第11週「家族のうた」は、主人公・裕一(窪田正孝)の久しぶりの帰郷、そしていつも応援してきた父・三郎(唐沢寿明)との別れが描かれ、物語の節目にもなる週となっている。
裕一の帰郷によって、古山家はもちろん、喜多一の面々、川俣銀行の面々など序盤の物語を彩った登場人物たちが次々に再登場した。演出を担当した松園氏は、第11週が前半の大きな節目になると認識していたという。

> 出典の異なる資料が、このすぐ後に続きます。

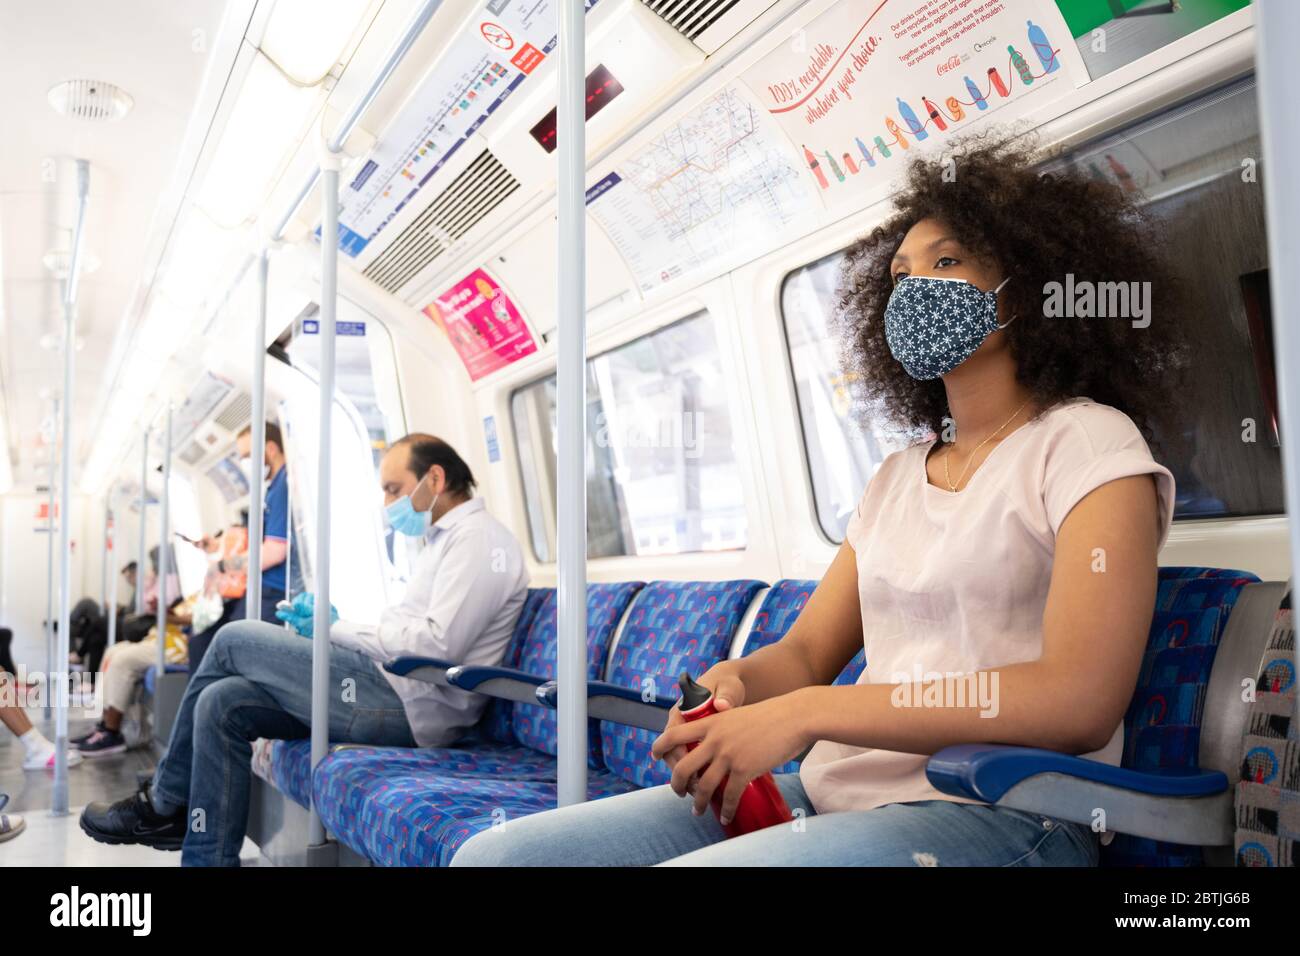 Les personnes qui voyagent pour la ville portent des revêtements faciaux et transportent des bouteilles d'eau dans le métro de Londres lorsqu'elles retournent au travail. Mai 2020 Banque D'Images

「福島の家族のことはずっと裕一の中にある最大の問題でした。その問題に改めて向き合うこの週は、前半の大きな節目になると認識していました。演出するにあたって大事にしたことは“変化”と“不変”です。親は白髪が増え、喜多一や銀行は潰れてしまい、裕一が知らない間に様々なことが変わってしまいましたが、故郷の匂いと人々の温かい心は変わらずに残っている。故郷との再会を視聴者が裕一と同じ目線で体験していけるように意識しました」
余命が長くないと知った三郎が、息子の裕一、浩二(佐久本宝)それぞれに残した言葉も視聴者の涙を誘った。撮影時はキャスト、スタッフ全員が三郎の最期を見届ける感覚だったと松園氏は語る。
「三郎が最期に子供たちに残す言葉を、その思いを、我々スタッフも一瞬も逃すことなく撮影するぞ、という緊張感と熱気に包まれた撮影現場でした。普段、朝ドラは放送とは違う順番で撮影するのですが、この時はほとんど順番通りに撮影できたこともあって、出演者、スタッフみんなで愛すべき父・三郎の最期を見届けるような感覚になっていました。撮影した場面からは、長い期間、撮影の苦楽を共にした古山家のみなさんの絆を強く感じました」
また、第11週の最後(第55回)は、タイトルバックがなかったことも大きな話題となった。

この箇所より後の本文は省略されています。